Wednesday, March 16, 2011

Demystifying the 2010 Tax Act: What You Need To Know

Lewis Saret, of the Forbes.com blog, posted a very informative article earlier in the week explaining the Tax Relief, Unemployment Insurance Reauthorization and Job Creation Act of 2010, which was signed into law at the end of 2010. Check out a snippet of his article below, or find the full text here.
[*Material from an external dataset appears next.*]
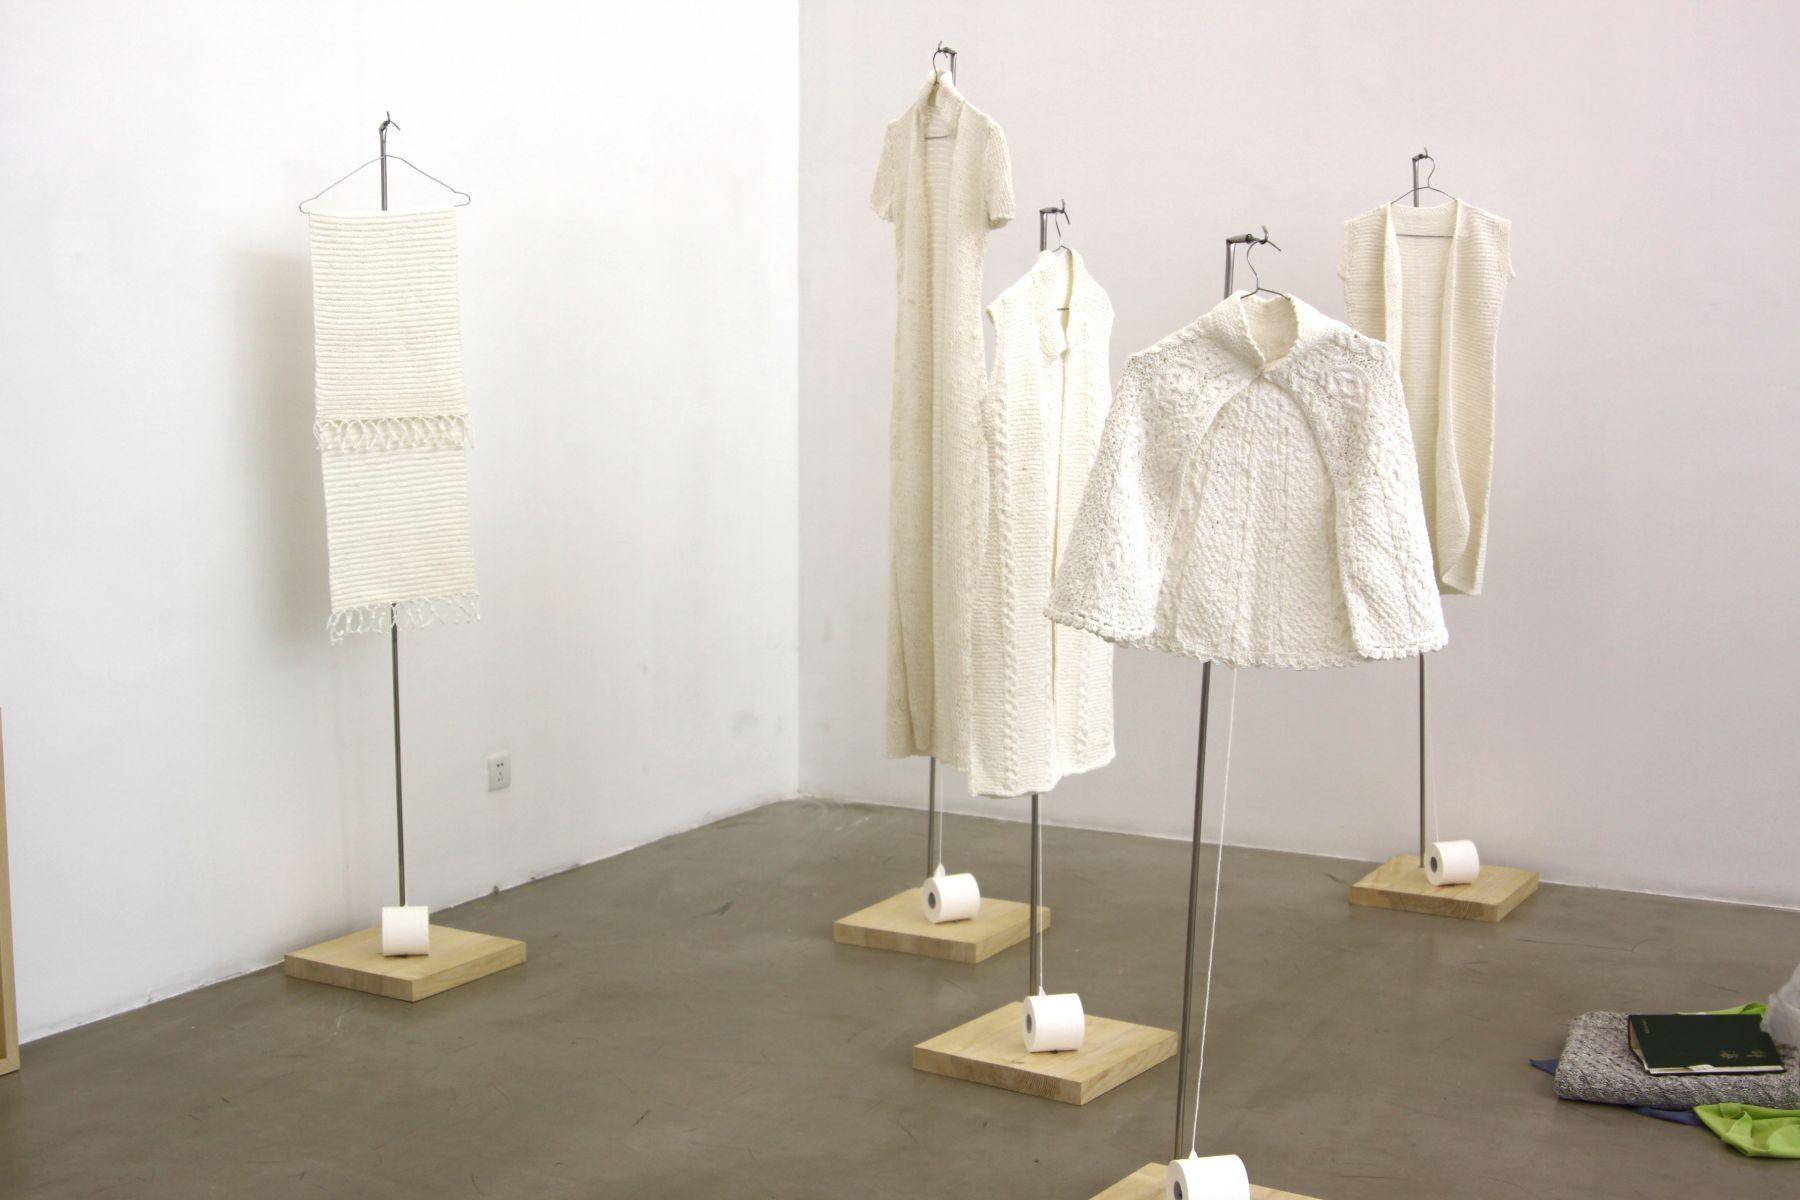 Wang LeiçŽ‹é›·, Hand-Woven Toilet Paper(including 5 pieces)æ‰‹ç»‡æ‰‹çº¸(含5件)

    Changes in Federal Estate Tax Exclusion Amount and Tax Rate

    Before the Act, the federal estate tax was gradually reduced over several years and ultimately eliminated for decedents dying in 2010. Prior law provided that the estate tax, with a maximum tax rate of 55 percent and a $1 million applicable exclusion amount, would be reinstated after 2010. However, the Act reinstates the estate tax for decedents dying during 2010, but at a significantly lower maximum tax rate of 35 percent and at a significantly higher applicable exclusion amount of $5 million. Although this regime continues for decedents dying in 2011 and 2012, it is temporary and will sunset on December 31, 2012. At that point, the prior estate tax regime—with a 55 percent tax rate and $1 million exclusion—will be reinstated, subject to debate in Congress.
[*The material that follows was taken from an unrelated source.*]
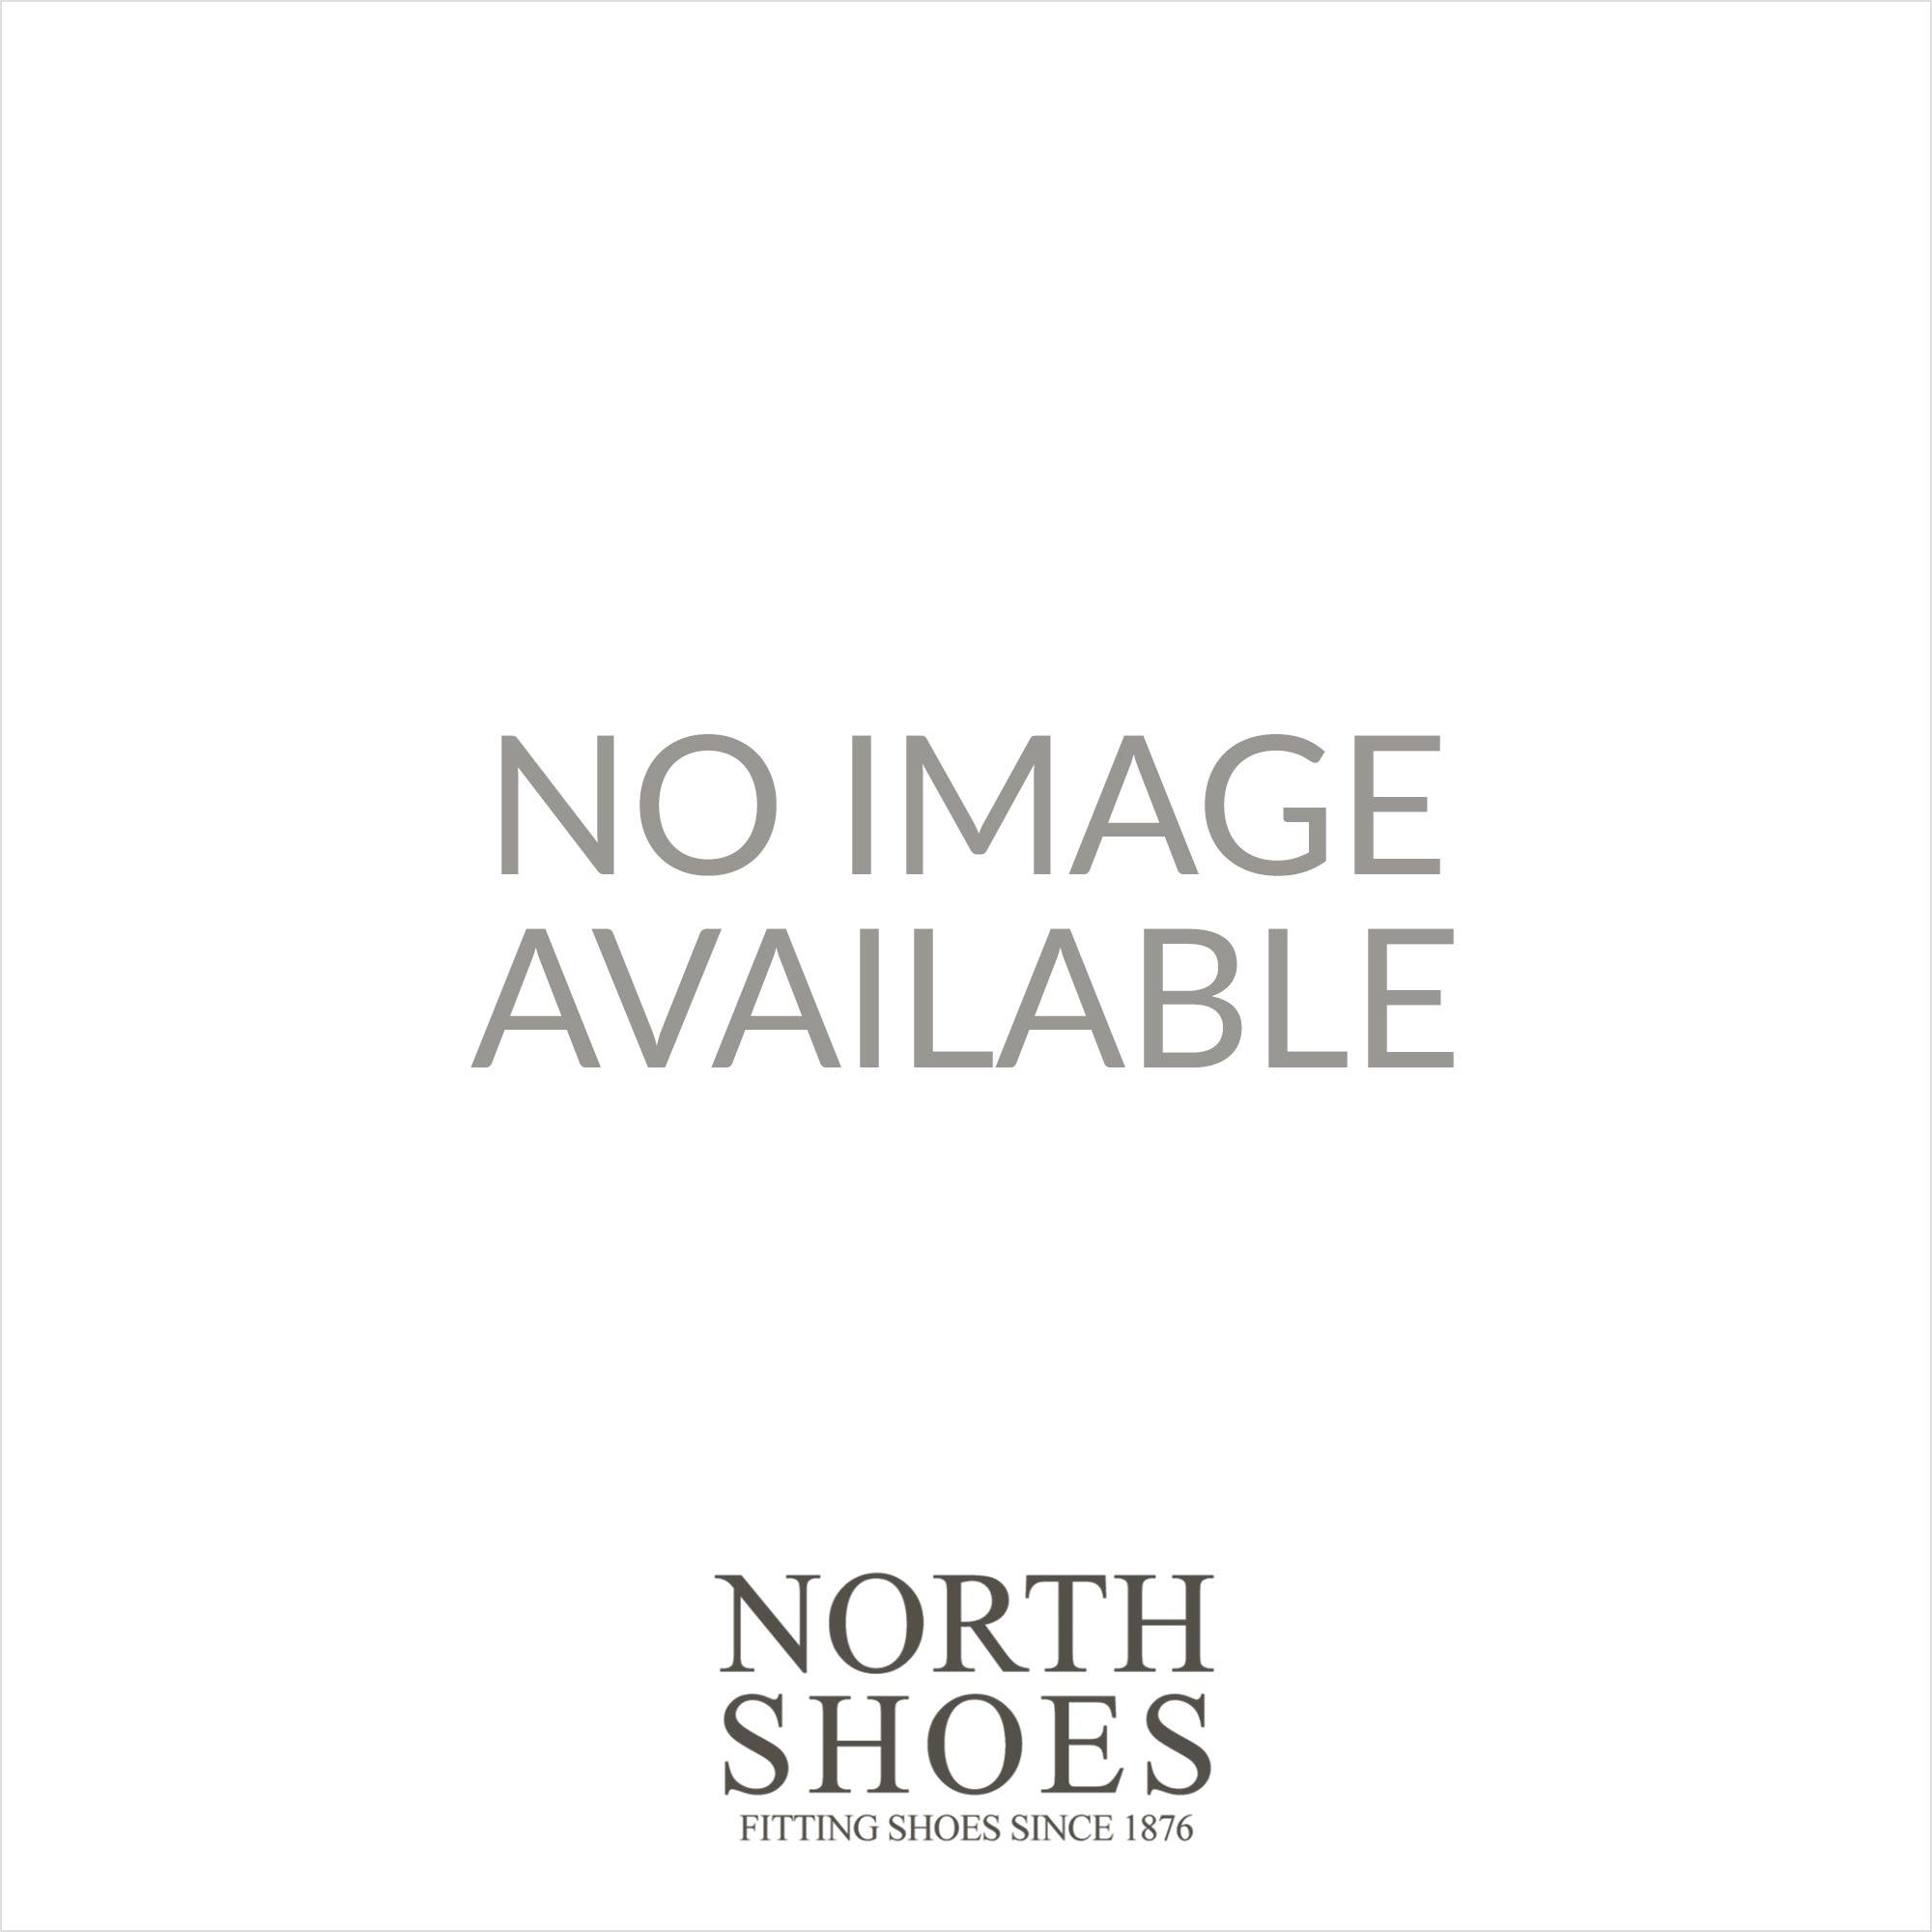 SKECHERS 97451L Black Textile Boys Bungee Lace/Rip Tape Casual Trainer Shoe

    Changes in Carryover Basis Rules

    The Act also eliminates the modified carryover basis rules for 2010 and replaces them with the stepped-up basis rules that had applied before 2010. Property with a stepped-up basis generally receives a basis equal to the property’s fair market value on the date of the decedent’s death. Under the modified carryover basis rules that applied during 2010 before the Act, executors could increase the basis of estate property only by a total of $1.3 million (plus an additional $3 million for assets passing to a surviving spouse, for a total increase of $4.3 million), with other estate property taking a carryover basis equal to the lesser of the decedent’s basis or the property’s fair market value on the decedent’s death.

    The Act gives estates of decedents dying during 2010 the option to apply (1) the estate tax based on the new 35 percent top rate and $5 million applicable exclusion amount, with stepped-up basis, or (2) no estate tax and modified carryover basis rules under prior law.

    Portability

    The Act provides for “portability” between spouses of the estate tax applicable exclusion amount for decedents dying in 2011 and 2012, if both spouses die before 2013. Portability allows surviving spouses to elect to use the unused portion of the estate tax applicable exclusion amount of their predeceased spouses. This provides the surviving spouse with a larger exclusion amount.